Para ele, é claro que o Brasil sempre será um alvo, até pela gestão caótica e o avanço gritante e preocupante do desmatamento amazônico. As palavras de Bolsonaro serão devidamente cobradas, seja no que tange aos aumentos dos recursos para a fiscalização, ao desmatamento ilegal zero até 2030 ou à redução das emissões na proporção de 37% até 2025 e 40% até 2030.
"O problema é que o Brasil tem assumido essas metas nas falas recentes de Bolsonaro, seja na carta que enviou a Biden, seja agora na Cúpula do Clima, o Brasil tende a condicionar essas metas ao aporte financeiro dos países desenvolvidos, quando uma coisa não tem a ver com a outra. O Brasil sempre foi um defensor de fundos ambientais, desde os anos 90 já víamos ali o país defendendo essas medidas na famosa COP-15, em Copenhague. Em 2009, defendemos a criação de fundos ambientais, depois se falou em fundos verdes, é uma tradição brasileira", avaliou o analista.
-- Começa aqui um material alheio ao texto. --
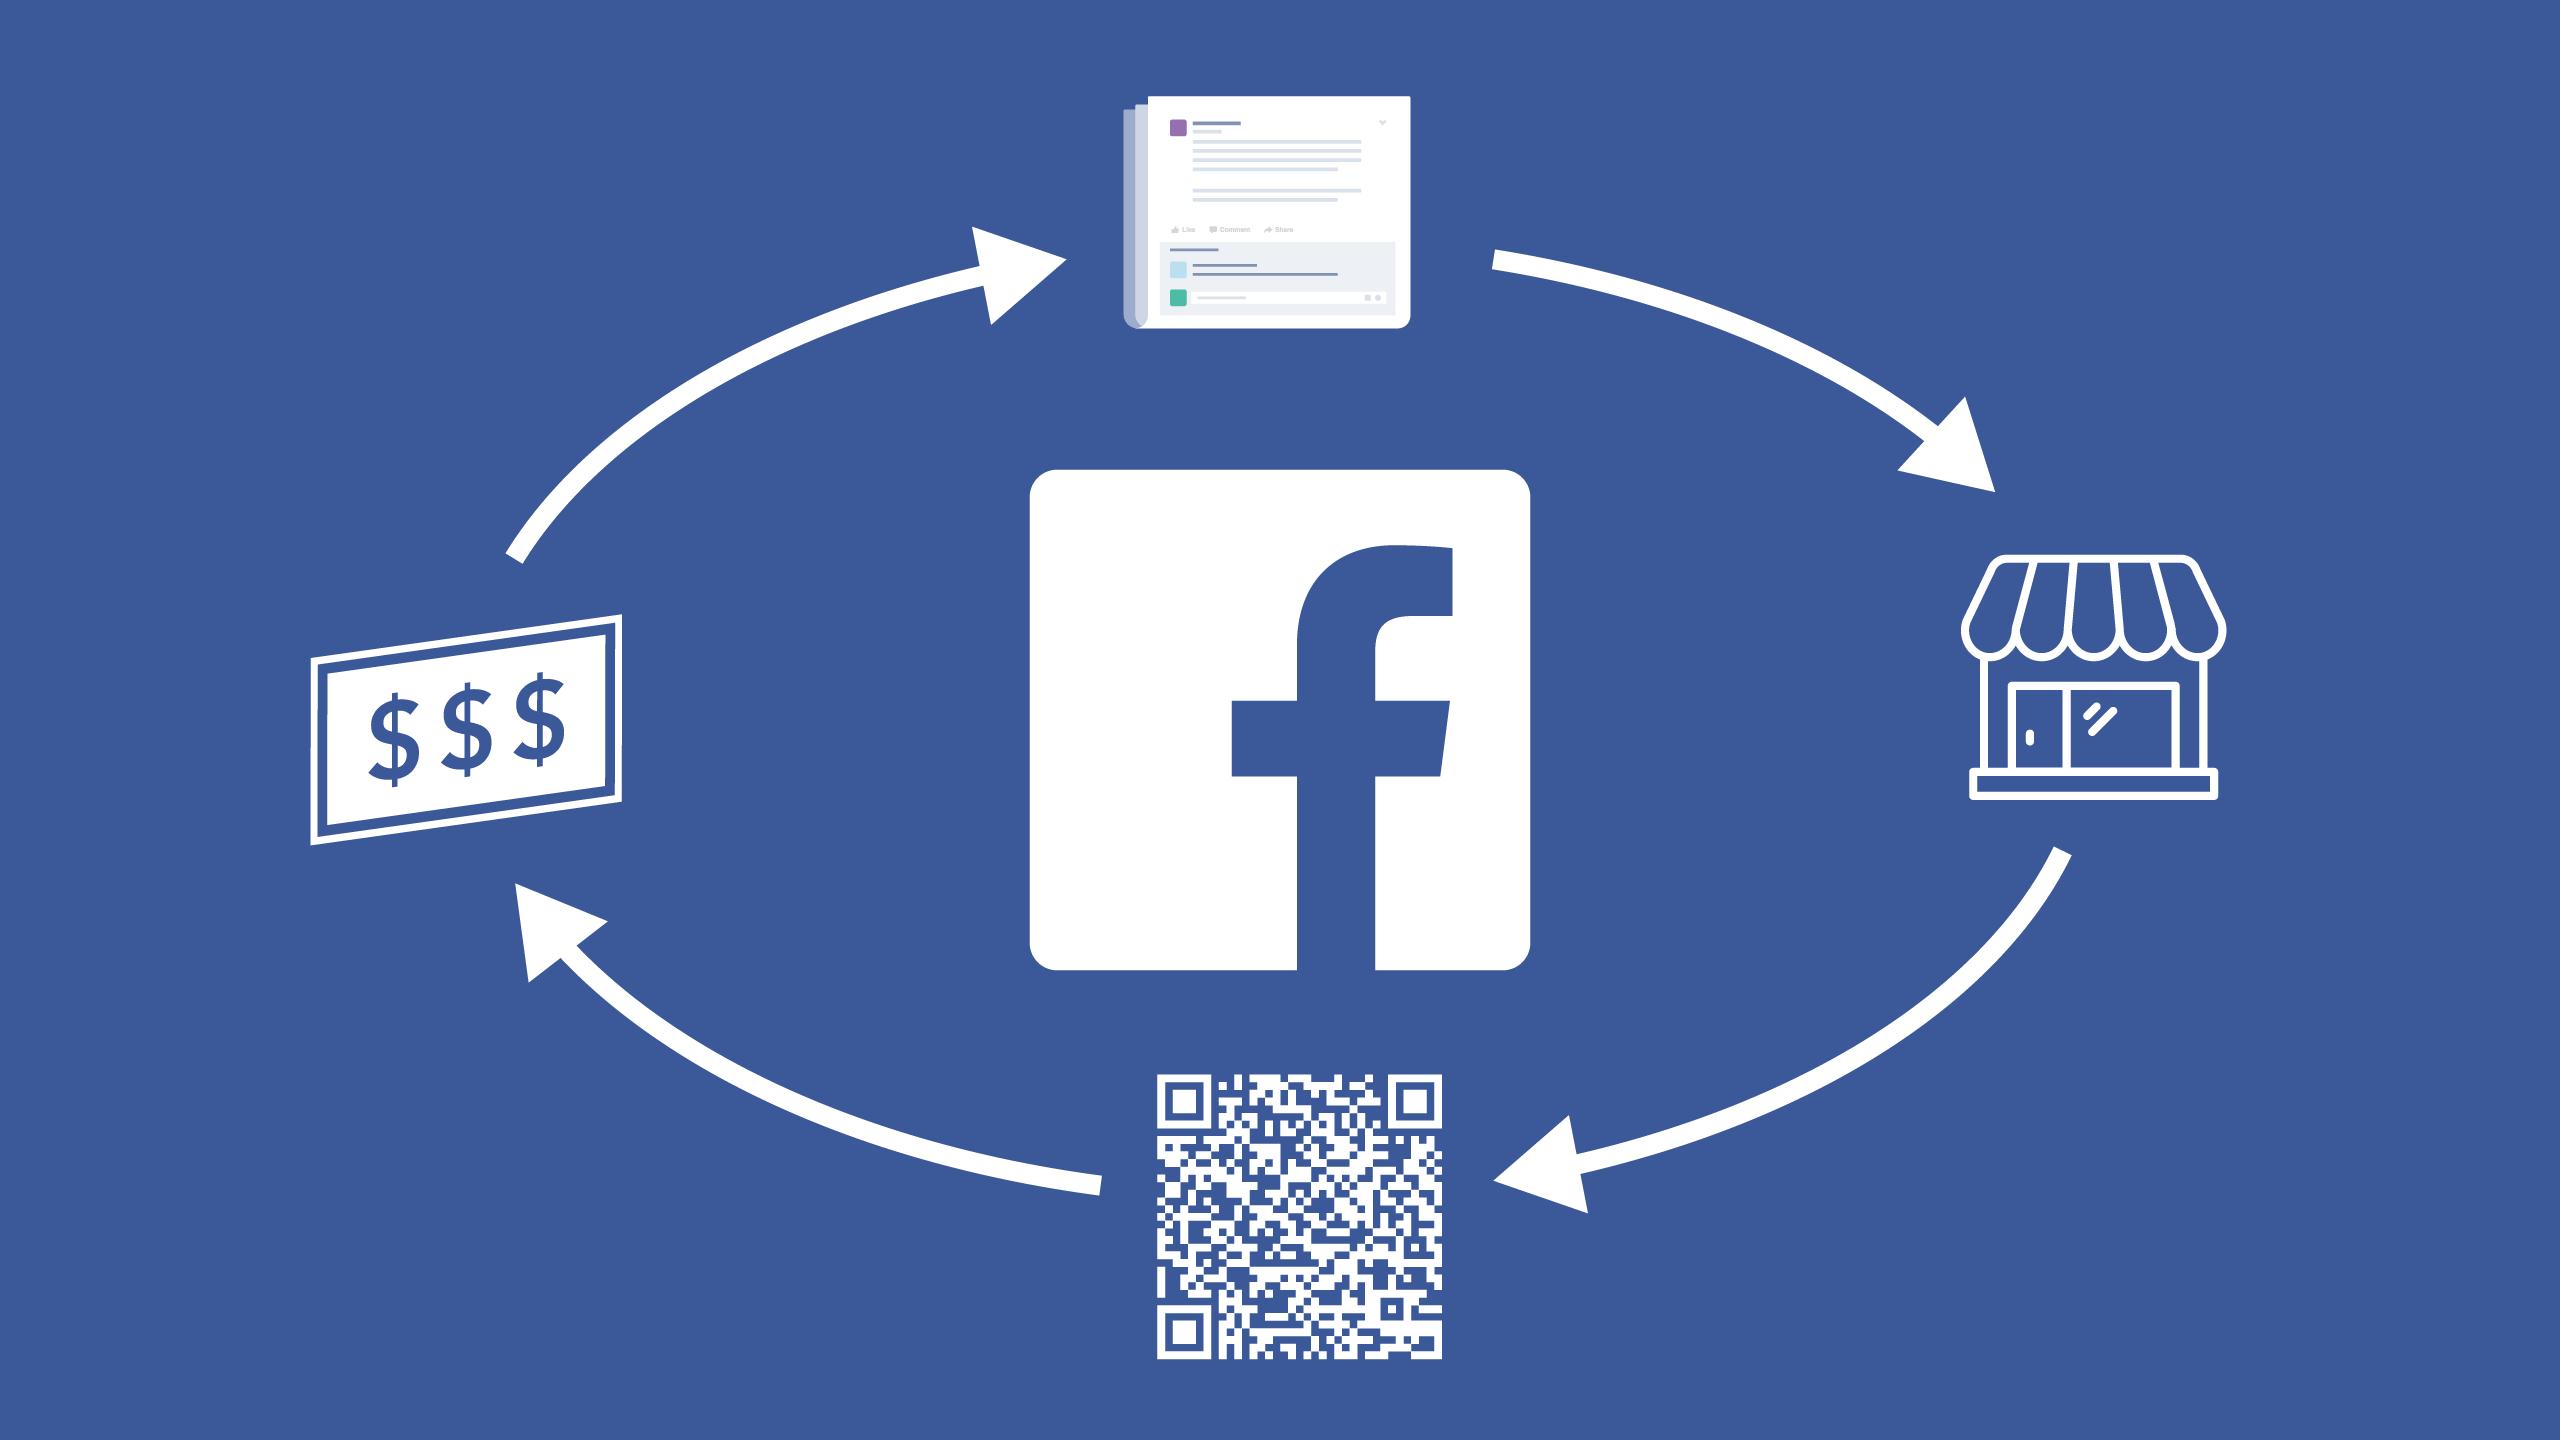 Facebook Seeking To Link Online Efforts To Offline Sales Though QR Code System

Finalizando, Velasco ponderou que o Brasil tem recursos para estes fundos, como por exemplo quando foi criado o Fundo Amazônia, que contou com aportes de Alemanha e Noruega, mas que agora dificilmente qualquer país desenvolvido vai encaminhar recursos para o Brasil enquanto não houver uma ação mais clara e contundente do governo no combate ao desmatamento e na proteção dos vários biomas.